This study introduces machine learning (ML) concepts to undergraduate polymer science students via a hands-on workshop. The workshop improved students' understanding and confidence in applying ML techniques in materials science research.
Area of Science:
- Materials Science
- Polymer Engineering
- Computational Science
Background:
- Artificial intelligence (AI) and machine learning (ML) are increasingly vital in scientific research, including materials discovery and data analysis.
- Integrating AI/ML tools into research requires foundational understanding, which can be fostered through undergraduate education.
Purpose of the Study:
- To introduce fundamental machine learning concepts to undergraduate students.
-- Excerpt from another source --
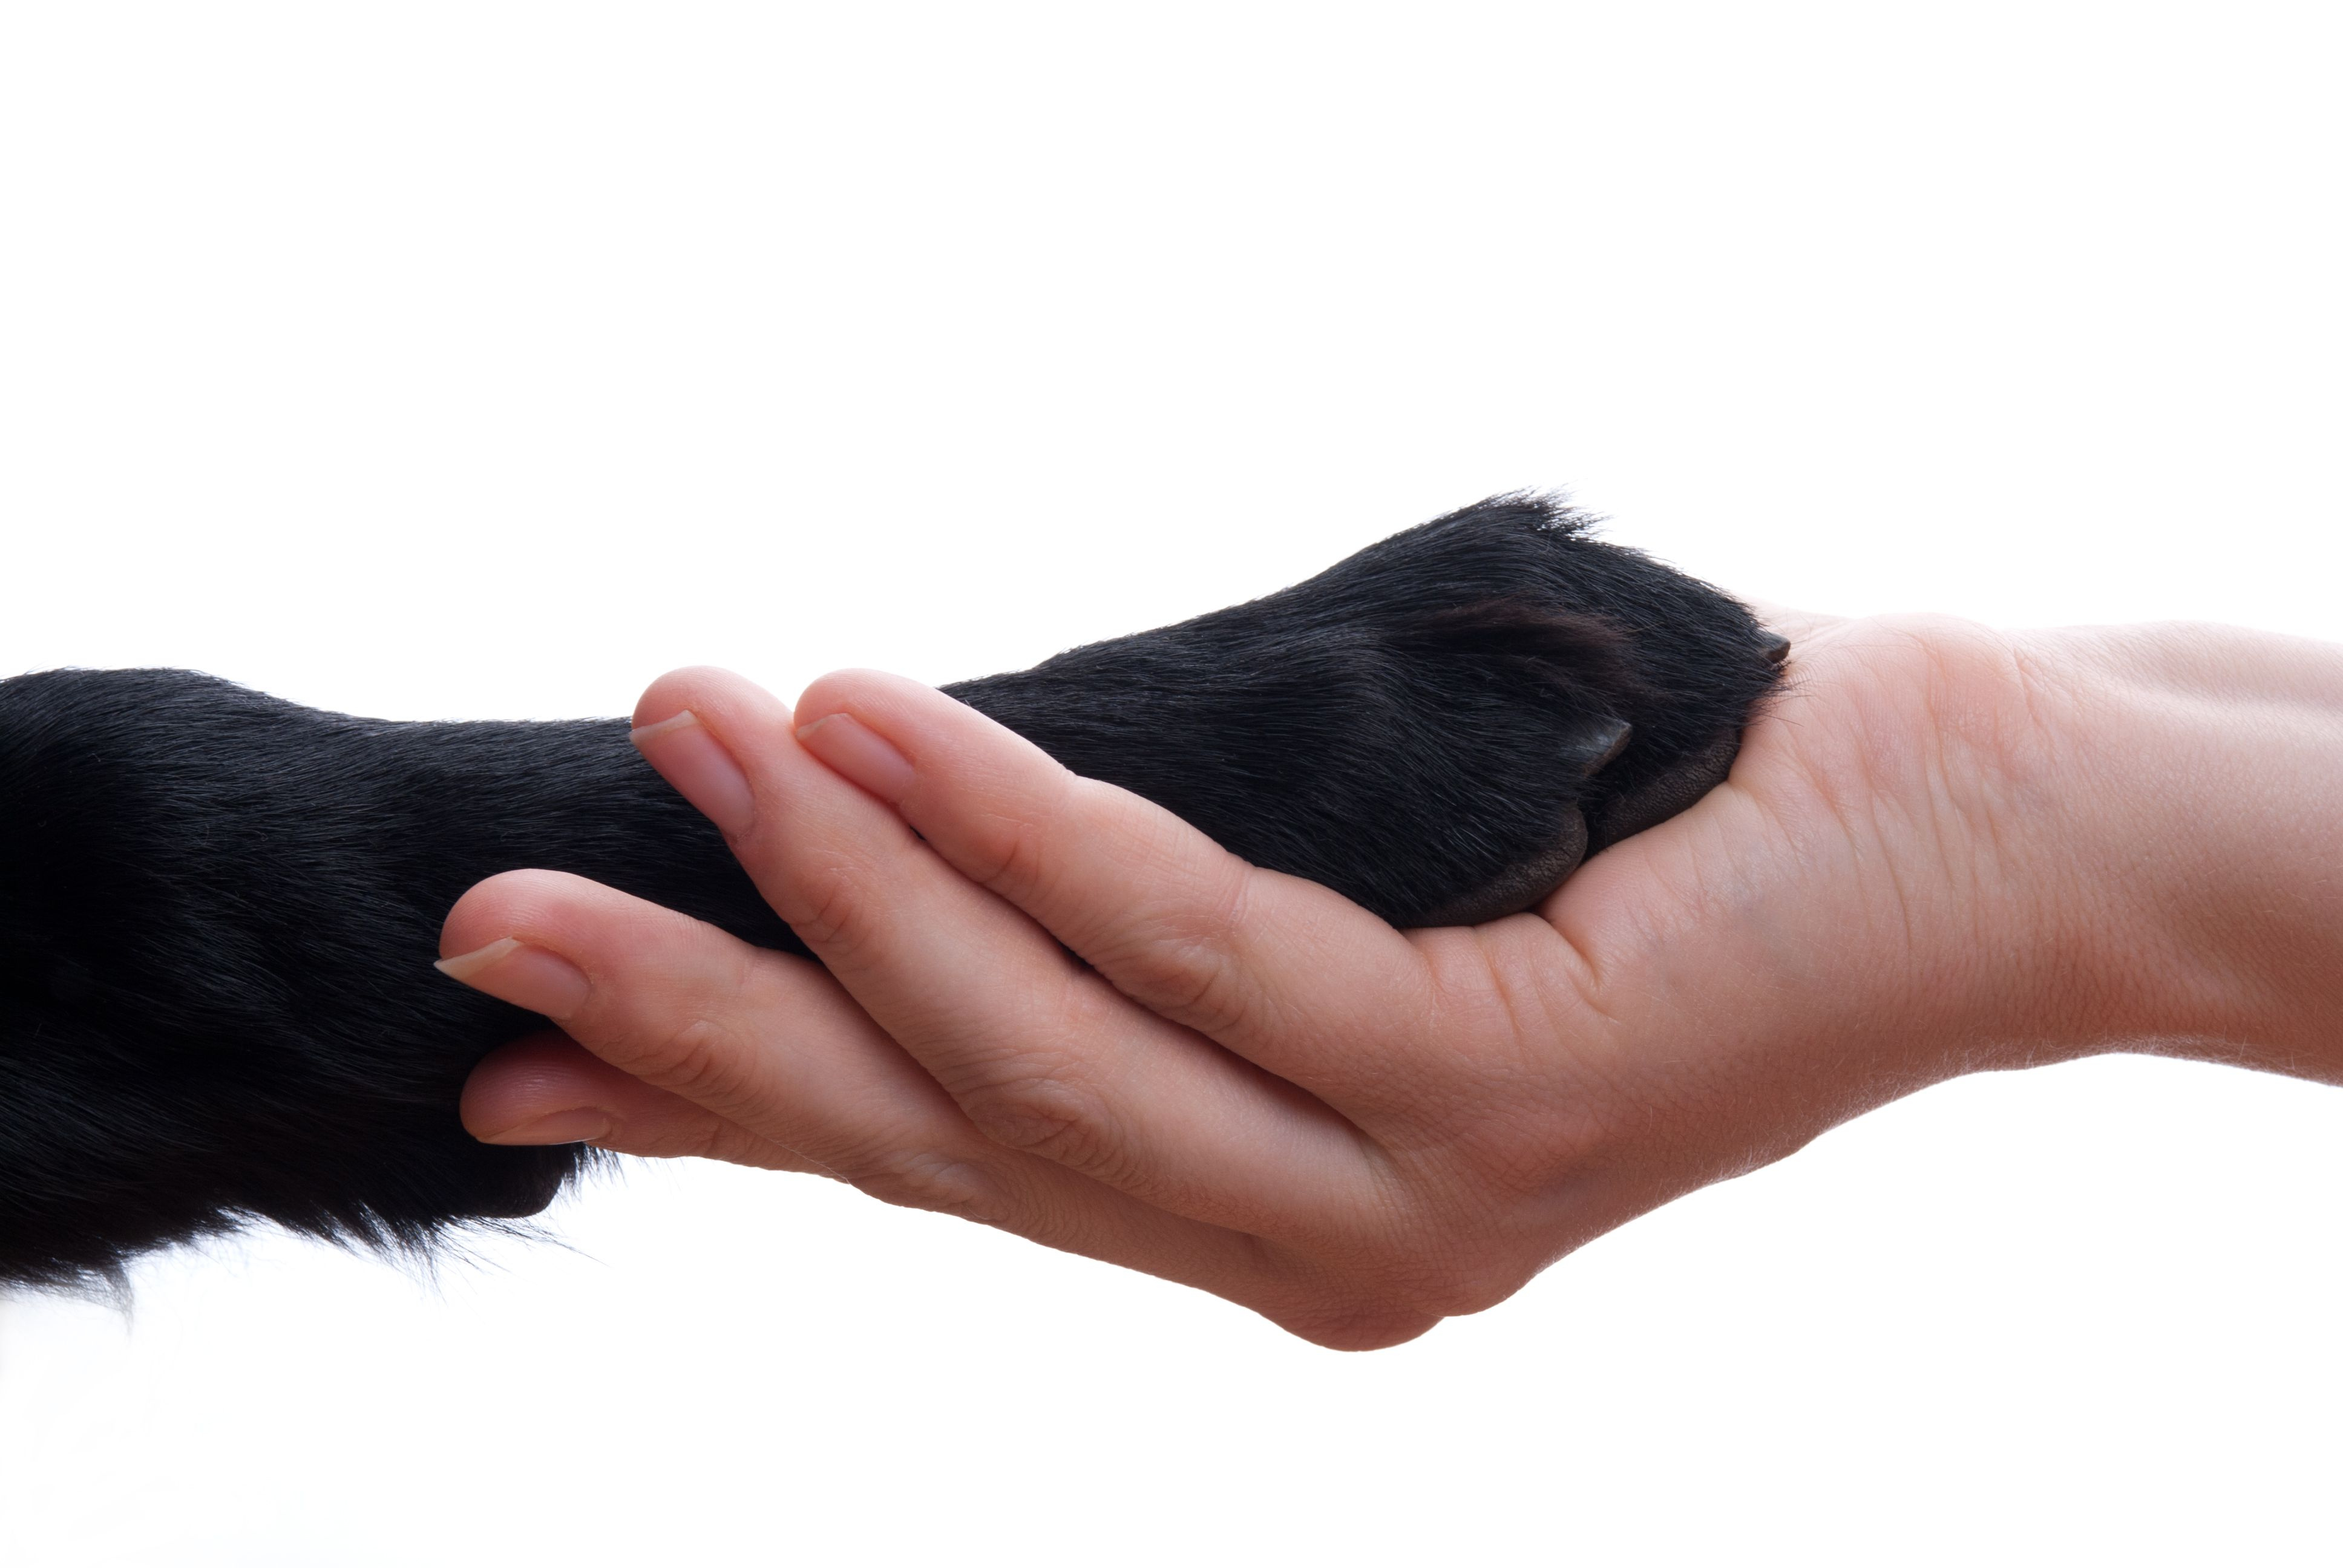 Собака на руках во сне. Лапа собаки. Рука и лапа собаки. Лапа и рука человека. Человеческая рука и лапа собаки.

- To enhance the adoption of AI/ML approaches in scientific research through early education.
- To integrate ML into a polymer science and engineering course via a practical workshop.
Main Methods:
- A hands-on, application-focused workshop was developed and delivered to undergraduate students in a polymer science and engineering course.
- Students engaged with the complete machine learning workflow: data cleaning, model training, performance evaluation, and result interpretation.
- A polymer solubility dataset, generated via visual inspection, was utilized for practical application.
Main Results:
- Pre- and post-workshop surveys demonstrated a measurable improvement in students' understanding of machine learning concepts.
- Student confidence in applying machine learning techniques to materials science problems increased significantly.
- The workshop successfully integrated new computational concepts into existing materials science coursework.
Conclusions:
- Foundational exposure to machine learning in undergraduate education can enhance its adoption in scientific research.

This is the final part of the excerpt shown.